The link to the personal access token on GitHub.com will open a pop-up window, so if it does not open, you might have a pop-up blocker active.

You can share the credentials you own with other users of your tenant. To do so, select your credentials at System Settings > Credentials and choose Share.

Personal Access Token

Personal access tokens work in the same way as OAuth access tokens. You can create a new personal access token at https://github.com/settings/tokens/.

  • The personal access token must have scope:repo (meaning all elements in the repo category must be selected).

  • If you set an expiration date, all pipelines which use this personal access token will stop working on that date.

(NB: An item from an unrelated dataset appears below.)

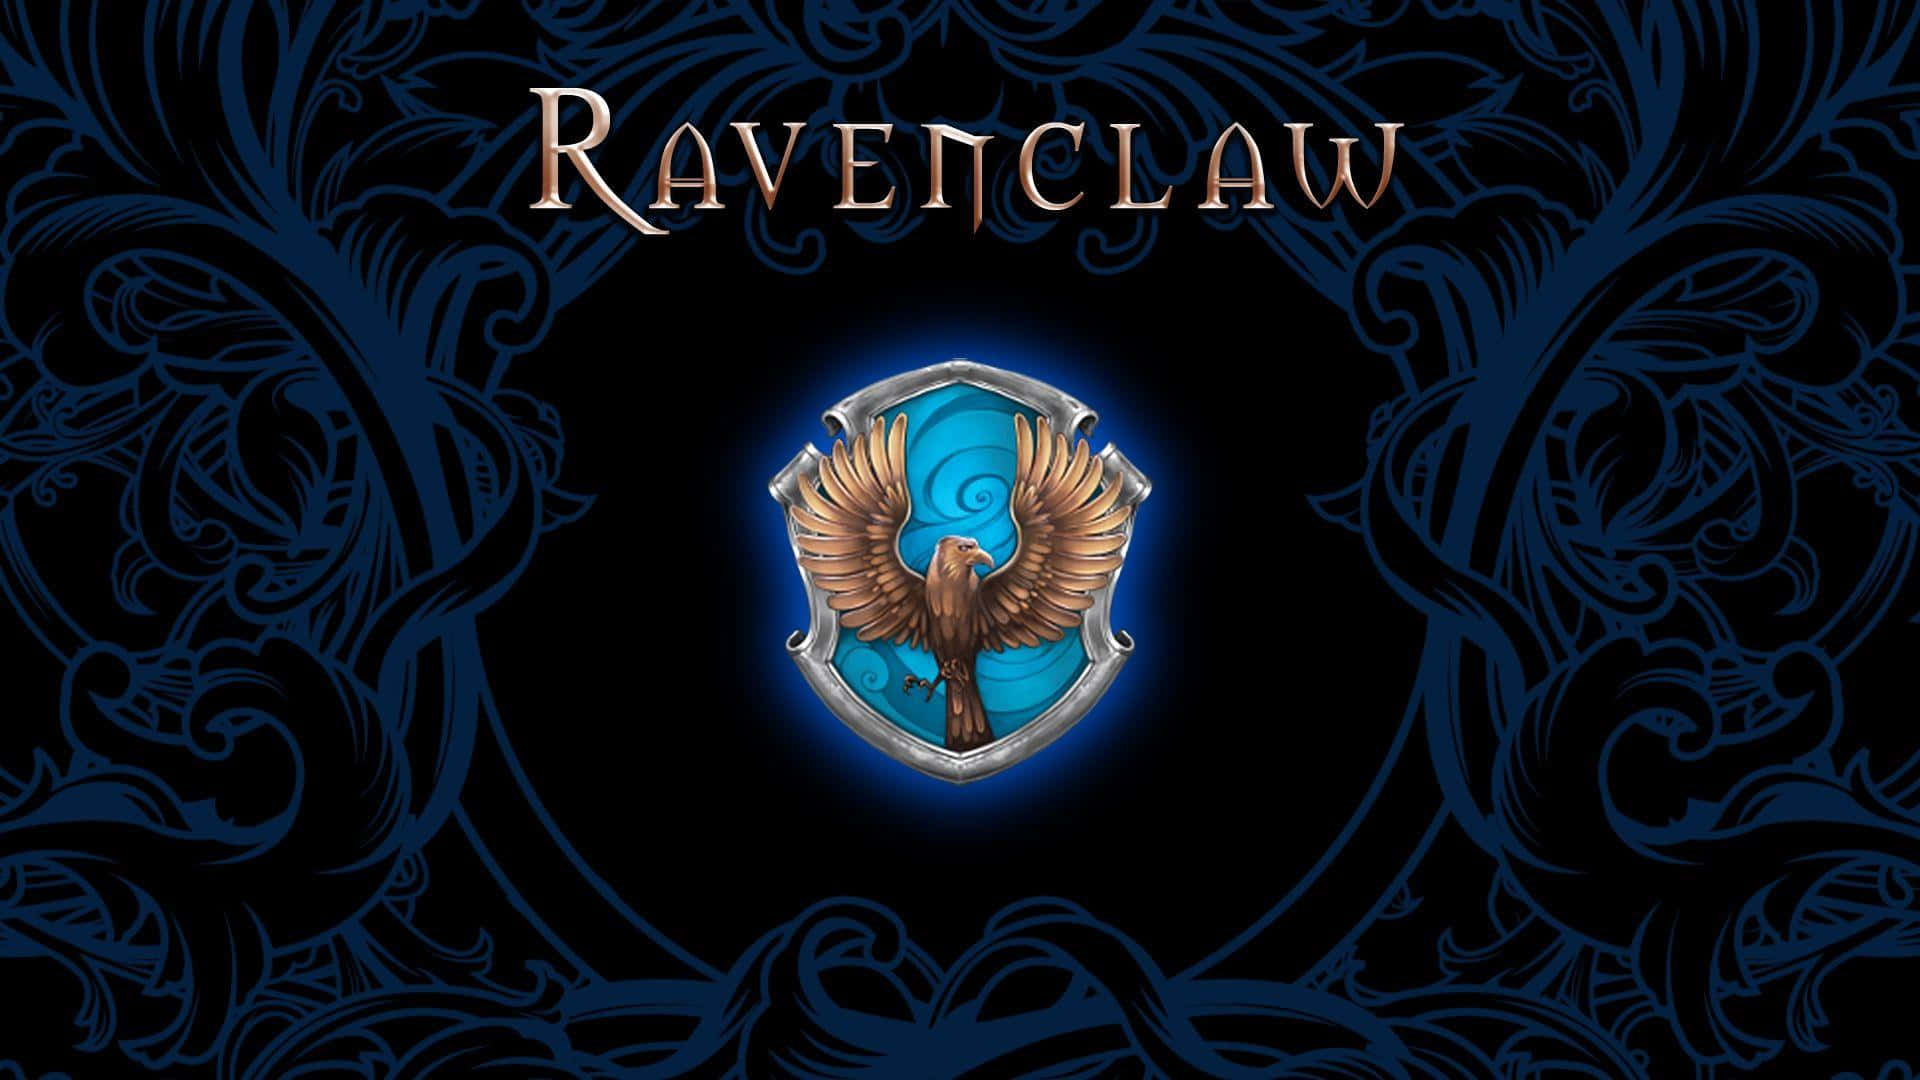 The Ravenclaw Tower of Hogwarts School of Witchcraft and Wizardry Wallpaper

For this reason, it is advised not to set an expiration date.

Select Generate token at the bottom of the screen to get your personal access token. The token will only be presented once, so copy it over to a secure location after generating it.

Creating the pipeline in ICA

  1. Create a new pipeline at Projects > your_project > flow > Pipelines > Create > Nextflow/CWL Code > from Git.

  2. Fill out the fields to access the pipeline. During configuration, a test will be performed to see if the repository can be reached with the provided credentials. If this is not the case, you can still save the entered values, so you are not blocked from creating a configuration if the repository is unavailable.

Repository url

The url where the pipeline is located. For example https://github.com/nf-core/demo Do not use a / as last character of your path as this will result in a failed pipeline with Remote resource not found as error.

Git credential

Only needed for private repositories. This is your previously configured Git credential.

Main file path

For NextFlow, If the main.nf is not in the root folder, edit the main file path to the main.nf file, otherwise keep main.nf. For CWL, this applies to the workflow.cwl file.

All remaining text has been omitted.